Once the memory is full (reaching a threshold for storage of the
aggregated-event-reporting data-items) or hash collision in case of
hash tables, a replacement policy is applied. The replacement
policy includes adding a newly created aggregated-event-reporting
data-item to the memory in place of an existing
aggregated-event-reporting data-item, which is purged from the
memory and forwarded to the collector node. The replacement policy
may be applied according to any suitable criteria, for example, but
limited to, purging an existing aggregated-event-reporting data
item which is least recently used, least frequently used, or
randomly.
Additionally, or alternatively, the aggregated-event-reporting
data-items may be purged from the memory, even if the memory is not
full, and based on any suitable criteria, for example, but not
limited to, time, based on an age of the aggregated-event-reporting
data-items, based on aggregated-event-reporting data-items
exceeding a given event count, or according to a timestamp
value.
The purged aggregated-event-reporting data-item is added to an
event-reporting queue. The aggregation and/or control circuitry
manages the event-reporting queue queuing at least one purged
aggregated-event-reporting data-item waiting to be forwarded to the
collector node over an interface of the network device. The term
"queuing", as used in the specification and claims, in all
grammatical forms, is defined herein as maintaining a data
structure that indicates a desired transmission order among packets
waiting to be sent to a given destination and then choosing the
packets for transmission based on the entries in the data
structure.
In some embodiments, the aggregation and/or control circuitry
manages a plurality of different event-reporting queues (at least
some having different assigned priorities). In some embodiments the
purged aggregated-event-reporting data-items are assigned to the
different priority event-reporting queues according to a respective
count of events in the respective purged aggregated-event-reporting
data-items. In this way, high priority aggregated-event-reporting
data-items (e.g., with high event counts) may be assigned to a
high-priority event-queue and low priority
aggregated-event-reporting data-items (e.g., with low event counts)
to a low-priority event-queue to increase the probability that the
high priority aggregated-event-reporting data-items are not dropped
from their event-queue.
The aggregation circuitry may compute a measure of event burstiness
of the events aggregated in each of the aggregated-event-reporting
data-items each time the data of another event-reporting data-item
is aggregated into a respective one of the
aggregated-event-reporting data-items. The measure of event
burstiness may be computed as a harmonic average.
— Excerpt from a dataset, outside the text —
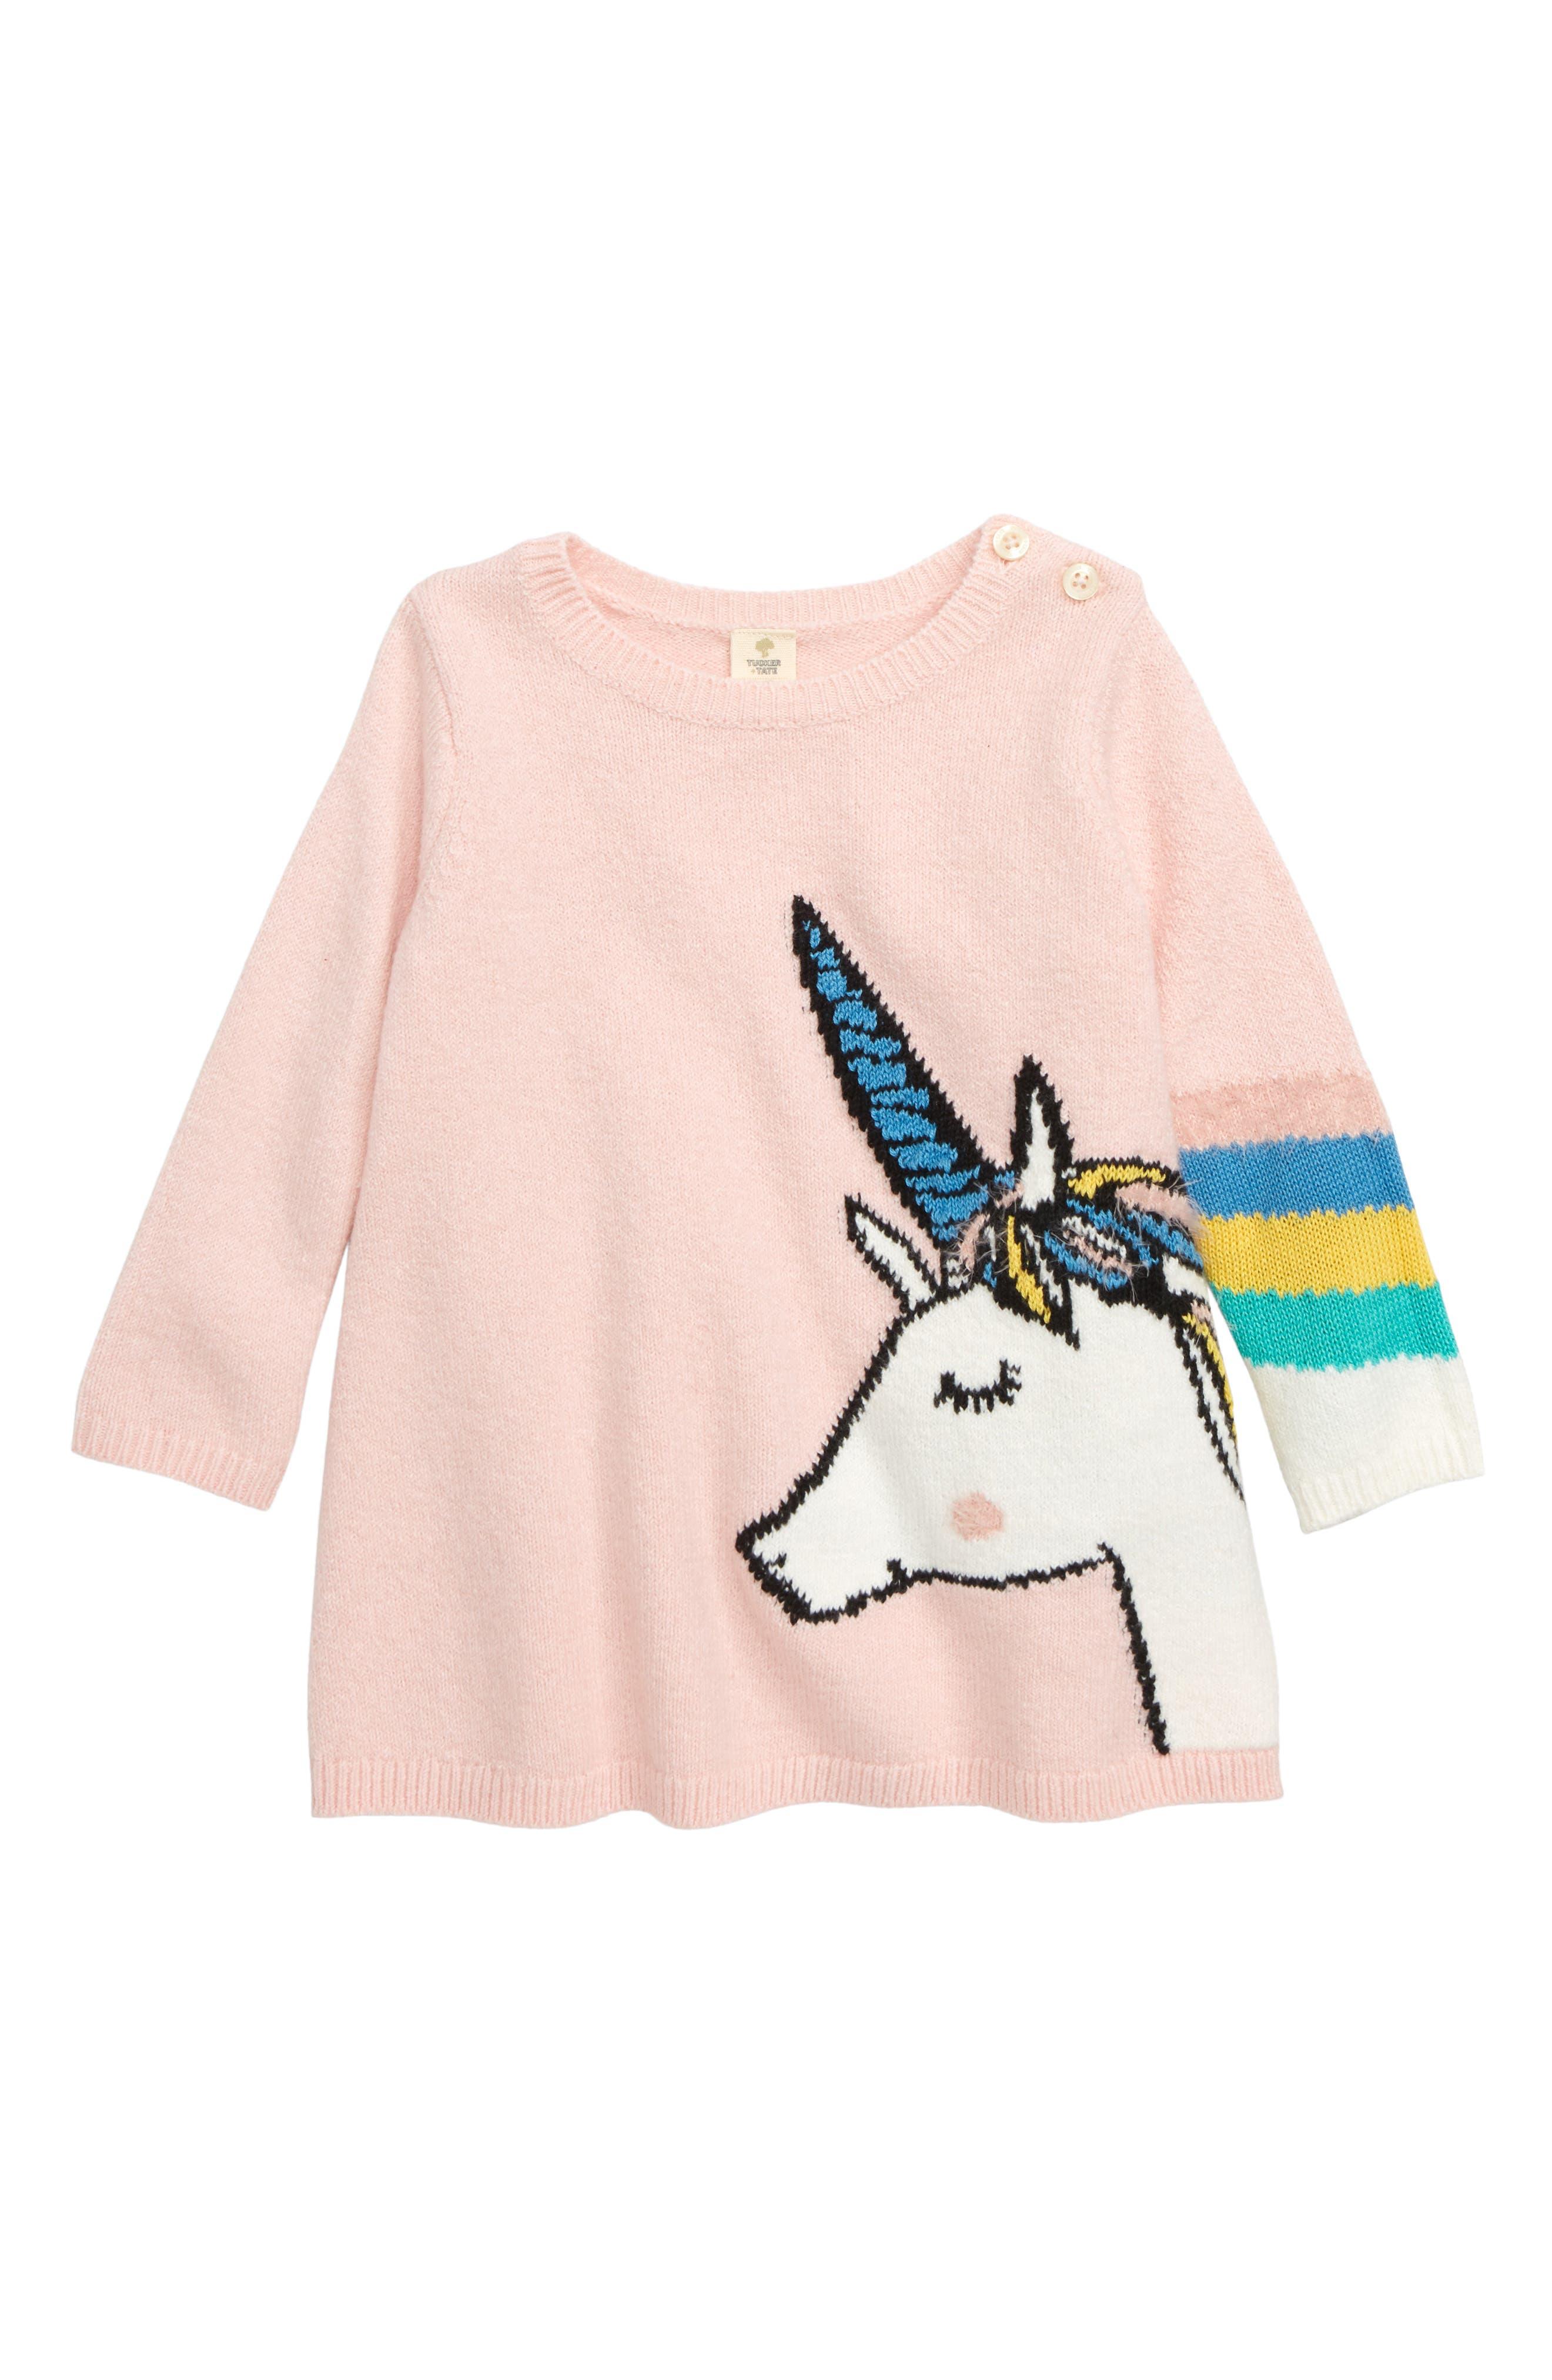 TUCKER + TATE Unicorn Sweater Dress, Main, color, 680

In some embodiments, the measure of event burstiness of the events
for one of the aggregated-event-reporting data-items includes, for
each respective one of a plurality of time-difference ranges, a
count of adjacent events having a time difference within the
respective time-difference range. The respective counts of the
respective time-difference ranges may be presented in the form of a
histogram for manual analysis by a network administrator.
SYSTEM DESCRIPTION
Documents incorporated by reference herein are to be considered an
integral part of the application except that, to the extent that
any terms are defined in these incorporated documents in a manner
that conflicts with definitions made explicitly or implicitly in
the present specification, only the definitions in the present
specification should be considered.
Reference is now made to FIG. 1A, which is a block diagram view of
a communication system 20A constructed and operative in accordance
with an embodiment of the present invention.
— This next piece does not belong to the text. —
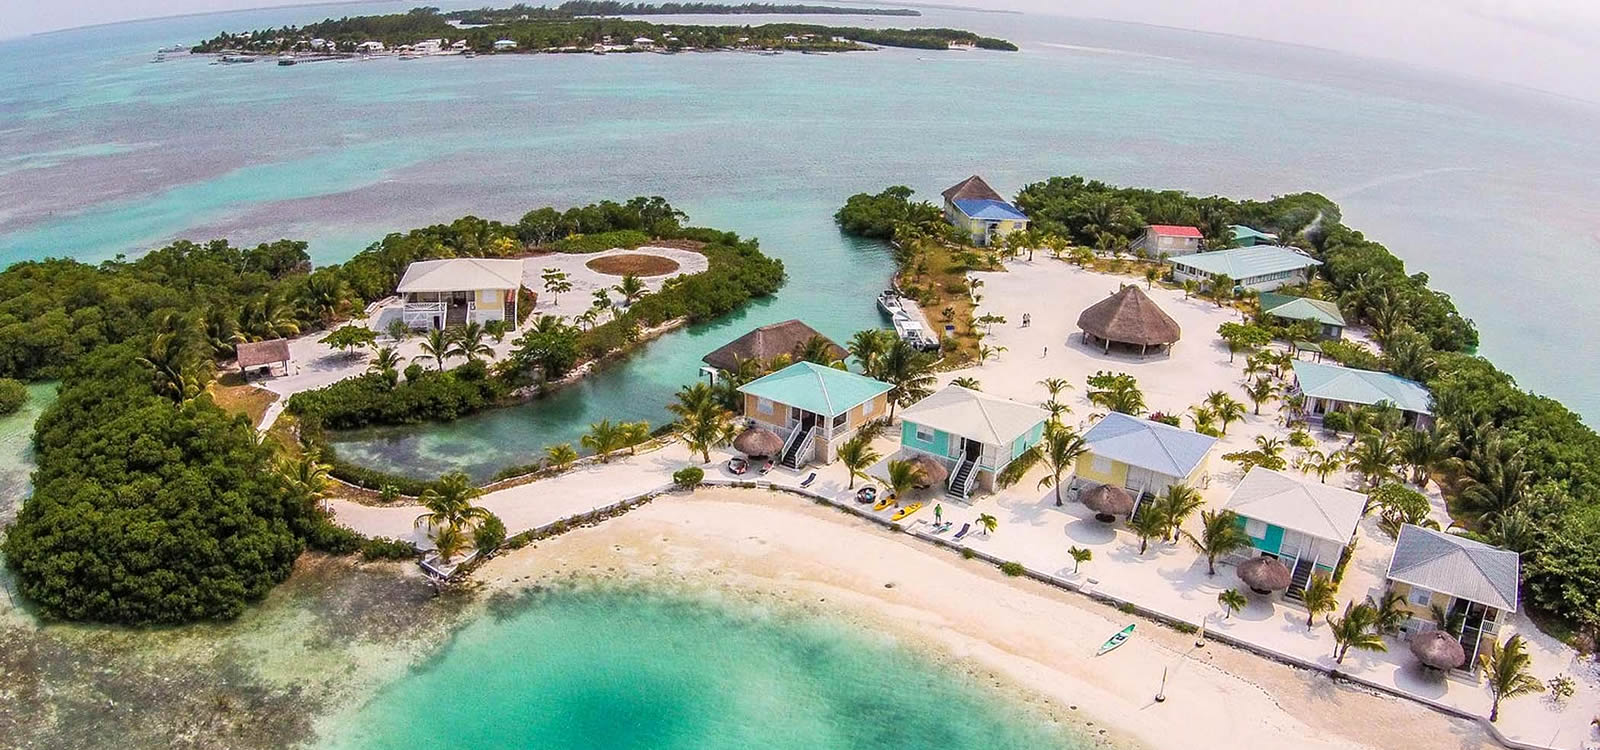 Mayan Island Resort Belize

The operation of system 20A is illustrated by a communication
apparatus 22, such as a switch, which has multiple interfaces, in
the form of ports 26, connected to a packet data network 24, such
as an Ethernet or InfiniBand switch fabric. The ports 26 typically
comprise suitable physical-layer (PHY) and data-link layer
interface circuits, as are known in the art. Ports 26, which are
labeled with letters A-H for clarity in the description that
follows, are configured to serve as ingress and egress ports (or
equivalently, ingress and egress interfaces) to network 24.
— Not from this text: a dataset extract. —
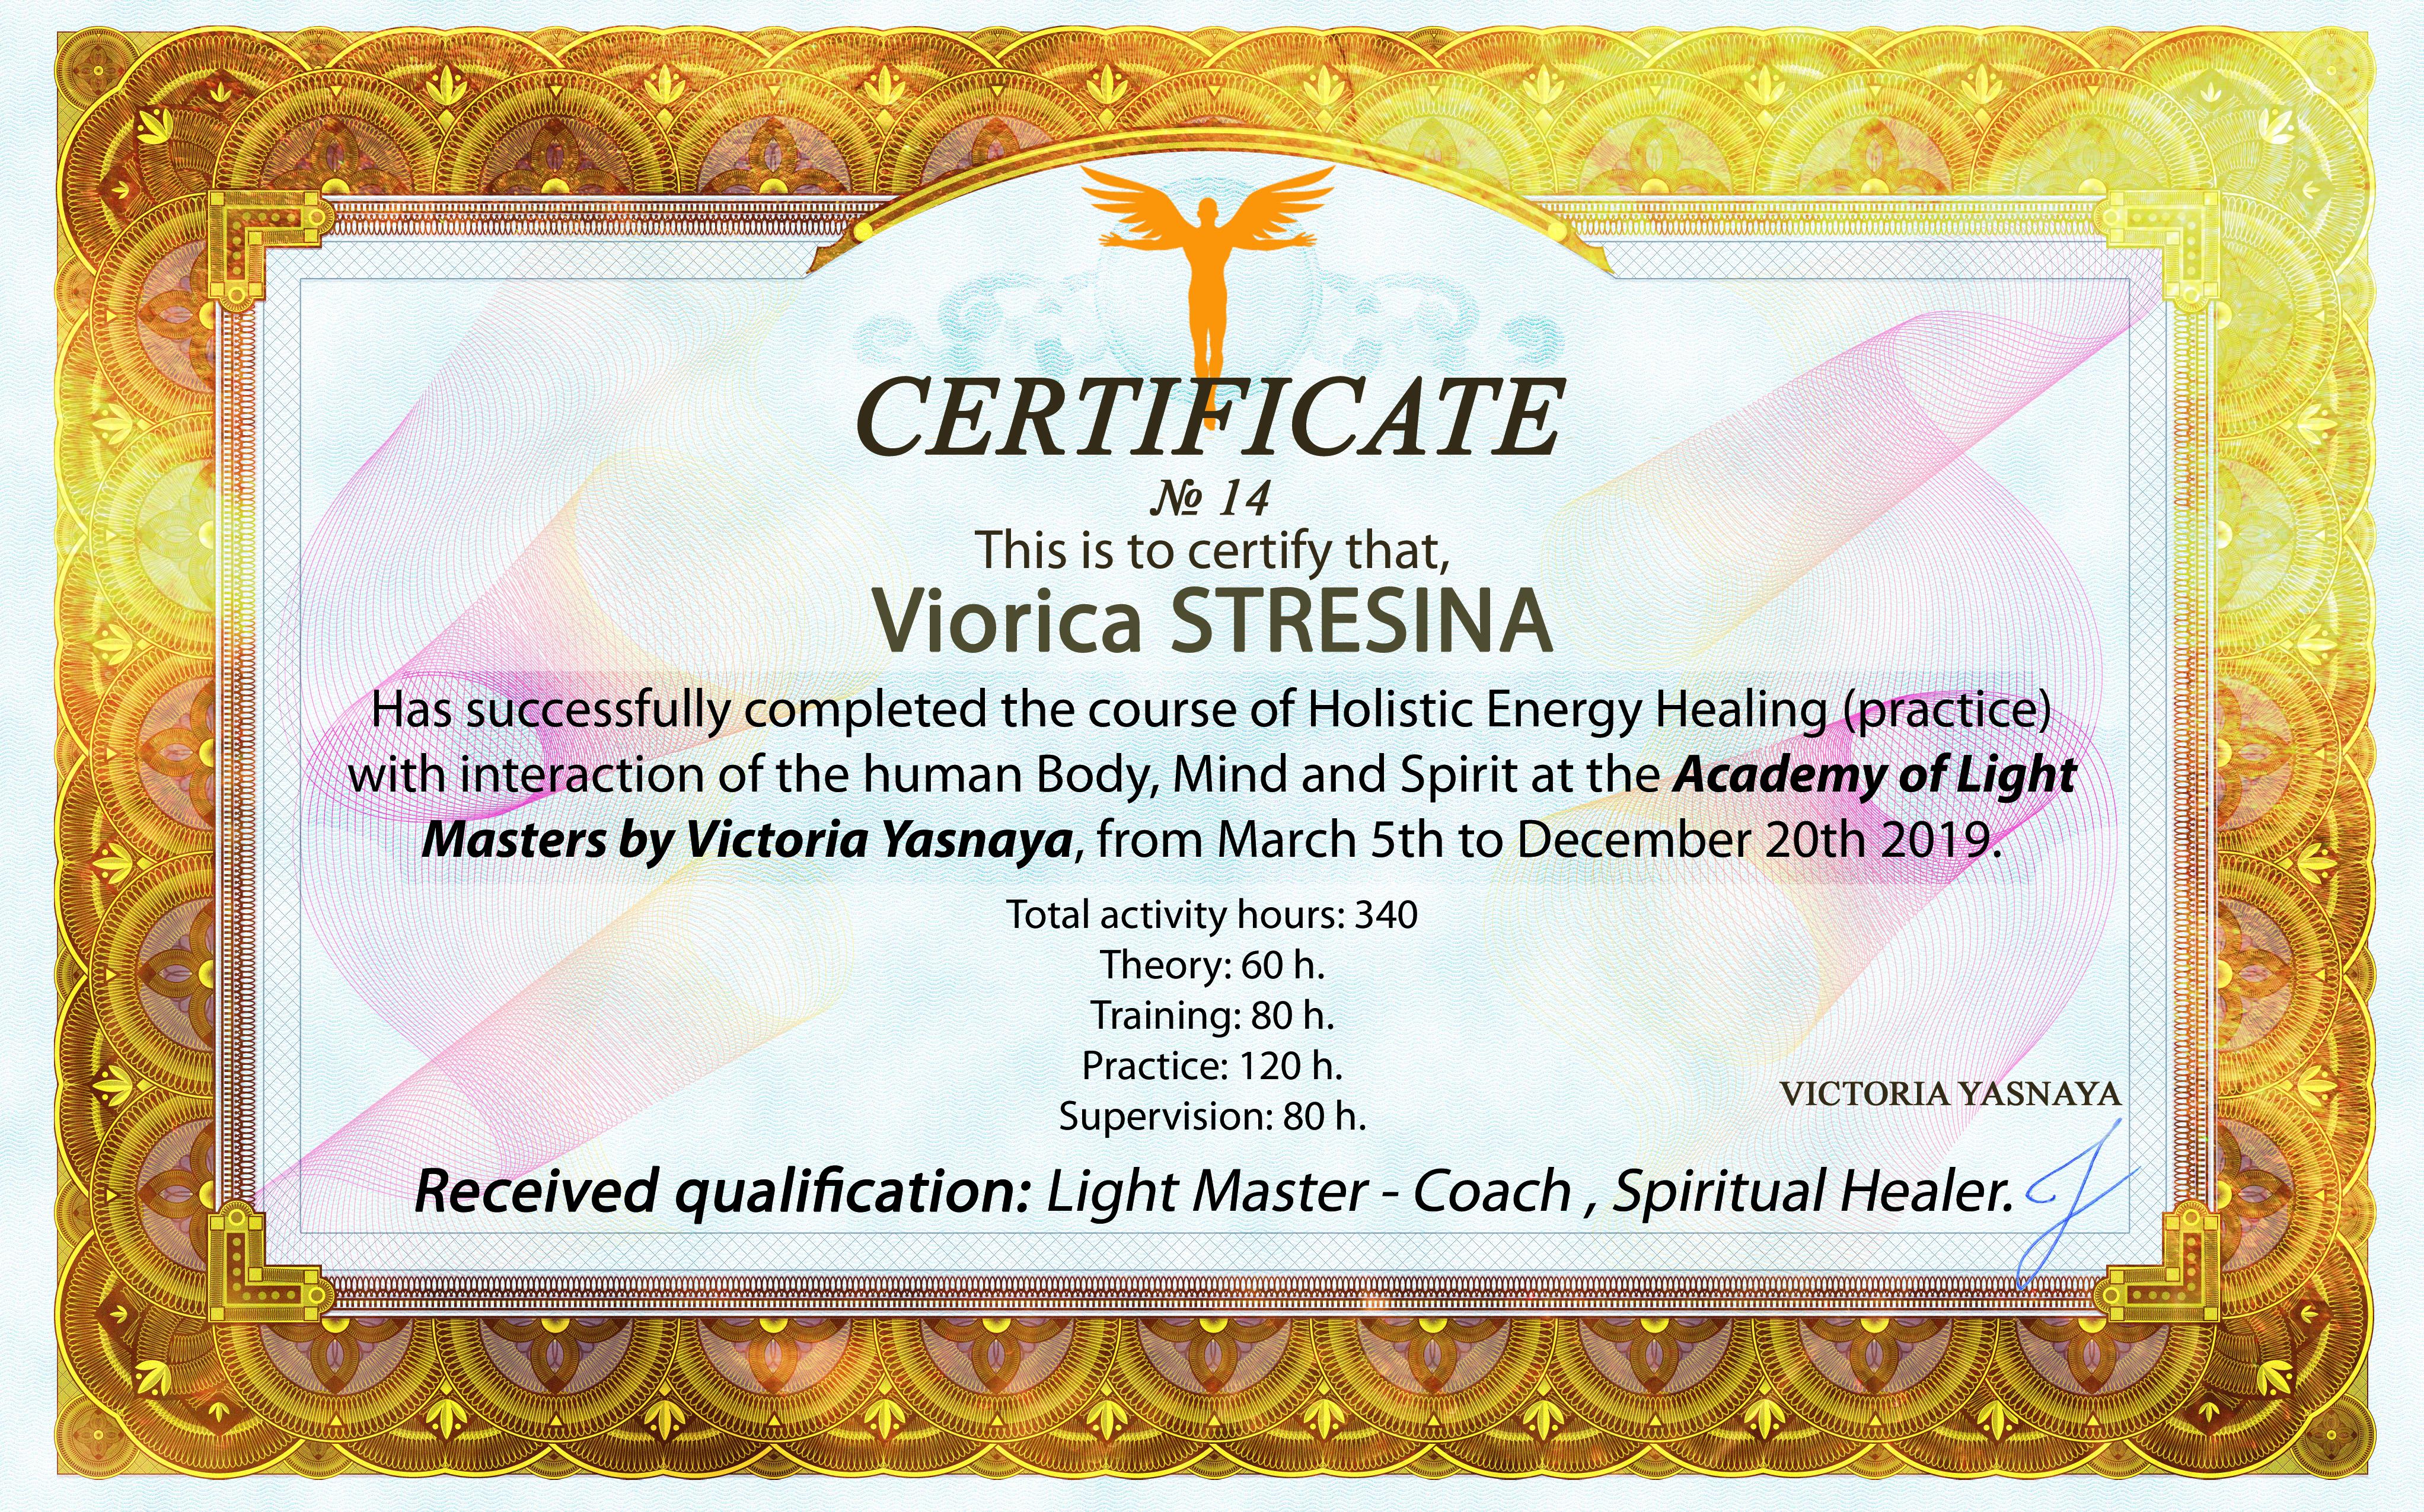 Сертификат_Viorica STRESINA_4_EN

Although for the sake of illustration, ports 26A-D serve in FIG. 1
as ingress ports, while ports 26E-H serve as egress ports, in
practice all ports 26 are typically configured for bidirectional
operation, as both ingress and egress ports.
Ports 26A-D receive packets from network 24 belonging to multiple
flows, for forwarding to respective egress interfaces for
transmission to the network. Assuming network 24 to be an Internet
Protocol (IP) network, packet flows can be identified by the packet
5-tuple (source and destination IP addresses and ports, along with
the transport protocol). Alternatively, any other suitable flow
identifier may be used based on layer 2, 3, 4 or tunnel data.
The communication apparatus 22 comprises control circuitry, in the
form of forwarding and queuing logic 30, which forwards incoming
packets to the appropriate egress ports 26E-F for transmission to
network 24. Logic 30 queues the packets that are destined for each
egress port in transmit queues in a memory 28, while the packets
await their turn for transmission. Logic 30 does not necessarily
transmit the packets through a given egress port in their order of
arrival, however, but rather may give higher priority to certain
queues over others.
The configurations of communication apparatus 22 and network 24
that are shown in FIG. 1 are example configurations, which are
chosen purely for the sake of conceptual clarity. In alternative
embodiments, any other suitable network and/or switch configuration
can be used. Logic 30 in communication apparatus 22 typically
comprises hard-wired or programmable logic circuits, such as one or
more Application-Specific Integrated Circuits (ASICs) or
Field-Programmable Gate Arrays (FPGAs). Alternatively, or
additionally, at least some of the functions of logic 30 may be
implemented in software or firmware running on a programmable
processor.
In some embodiments, the communication apparatus 22 may be
implemented as any suitable communication apparatus or network
device, for example, but not limited to, a router or a network
interface card (NIC), which may include an interface (e.g.,
Peripheral Component Interconnect Express (PCIe) interface) with a
host device and one or more interfaces, e.g., port(s) 26 with the
packet data network 24.
The forwarding and queuing logic 30 is also configured to monitor
for packet-related events (e.g., a buffer limit being exceeded,
and/or a packet being dropped) and generate event-reporting
data-items, as described in more detail with reference to FIG. 6.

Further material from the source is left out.